## Important instruction

For programming exercises only edit the code as shown in the following format.

```
##############################################

#Edit the following code

var1 = 3
var2 = 4
print(var1 + var4)

##############################################
```

You are open to experimenting with the other parts of code but you will only be awarded points if the question asked is answered which only needs finishing or making changes to the code in the above specified format.

## Question 7: Maximum Likelihood Estimation for Gaussian Distribution

You are given a dataset ```data_points``` that follows a Gaussian distribution. Your task is to find mean, variance and log likelihood by completing the functions ```calculate_mean_variance``` and ```gaussian_log_likelihood```.

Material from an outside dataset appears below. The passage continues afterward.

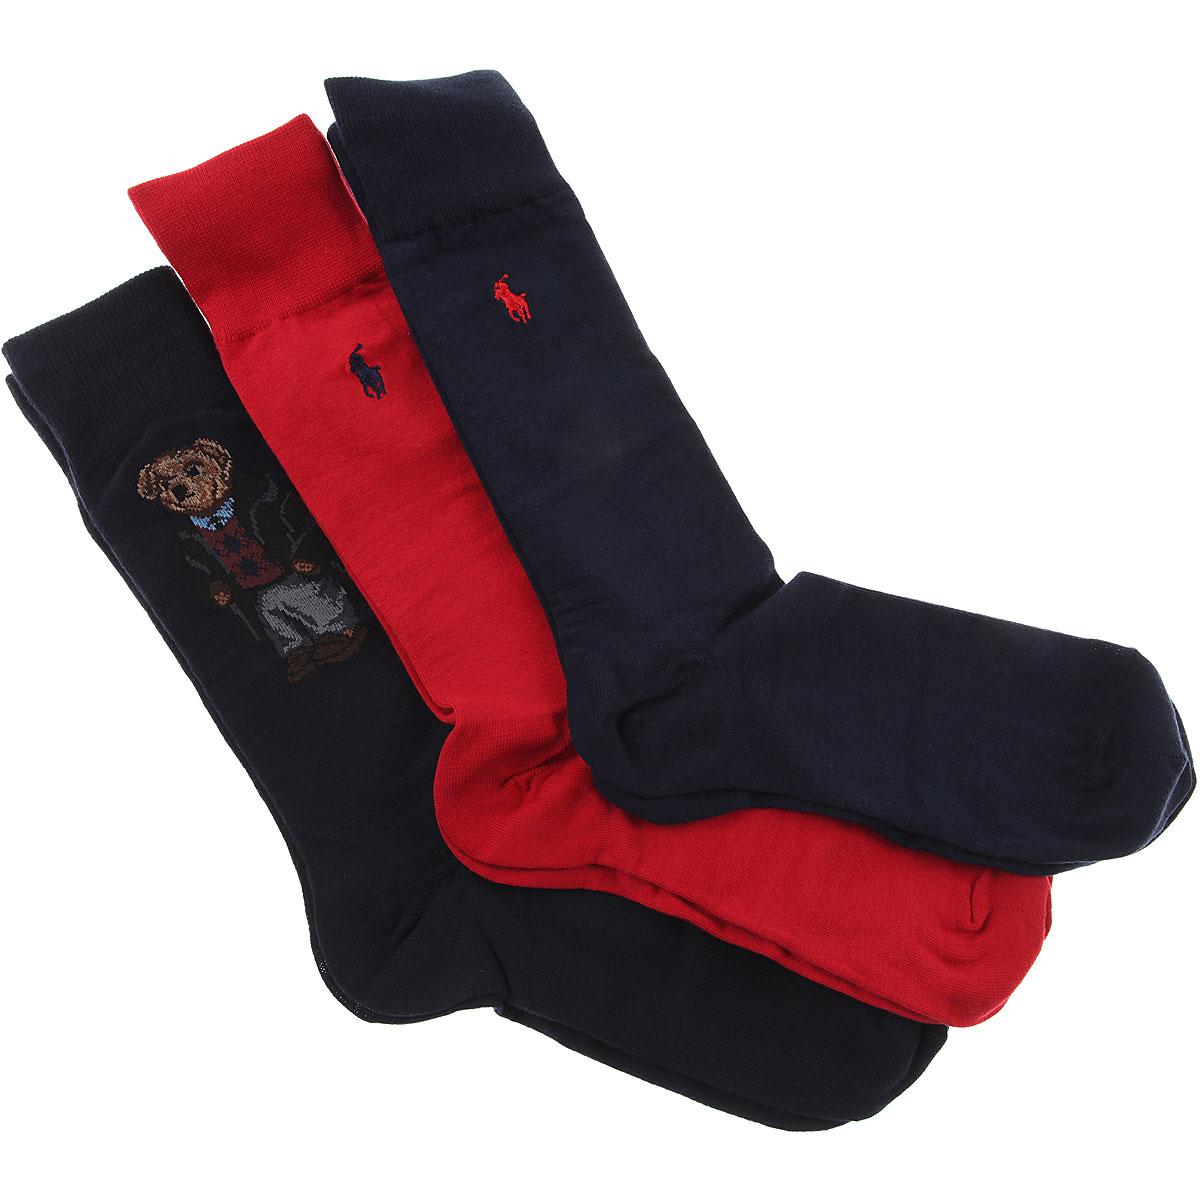 Image of Ralph Lauren Socks Socks for Men, 3 Pack, Red, Cotton, 2017

*For more information, refer to **4.2.3 Gaussian (Normal) Density** section of **Introduction to Machine Learning, 4th Edition, The MIT Press, 2020** by Ethem Alpaydın.*

In [17]:
import numpy as np

def calculate_mean_variance(data_points):
    n = len(data_points)
    ############################################################
    #Edit the following code

    mean = np.sum(data_points) / n
    variance = np.var(data_points)  # or np.sum((data_points - mean) ** 2) / n
    
    ############################################################
    return mean, variance

def gaussian_log_likelihood(mean, variance, data_points):
    n = len(data_points)
    ############################################################
    #Edit the following code

    log_likelihood = -n / 2 * np.log(2 * np.pi * variance) - np.sum((data_points - mean) ** 2) / (2 * variance)
    ############################################################
    return log_likelihood

data_points = np.array([1.2, 2.5, 3.8, 4.2, 5.6])

# Calculating mean and variance
mean, variance = calculate_mean_variance(data_points)

# Calculating log likelihood
log_likelihood = gaussian_log_likelihood(mean, variance, data_points)

print("Mean:", mean)
print("Variance:", variance)
print("Log Likelihood:", log_likelihood)

Mean: 3.4599999999999995
Variance: 2.2543999999999995
Log Likelihood: -9.12690232142906


## Question 8: Analyzing Bias, Variance, and Error in Regression Models

Consider a dataset of oceanographic temperature and salinity measurements. The dataset has been loaded and split into training and testing sets. Three regression models have been applied to predict salinity based on temperature: Linear Regression, Polynomial Regression of degree 2, and Polynomial Regression of degree 5. The `calculate_metrics` function has been defined to compute bias, squared bias, variance, and error for each model.

Analyze the performance metrics (bias, squared bias, variance, and error) for each regression model obtained by finishing `calculate_metrics` funtion. Compare and contrast the models in terms of their bias, variance, and overall predictive performance.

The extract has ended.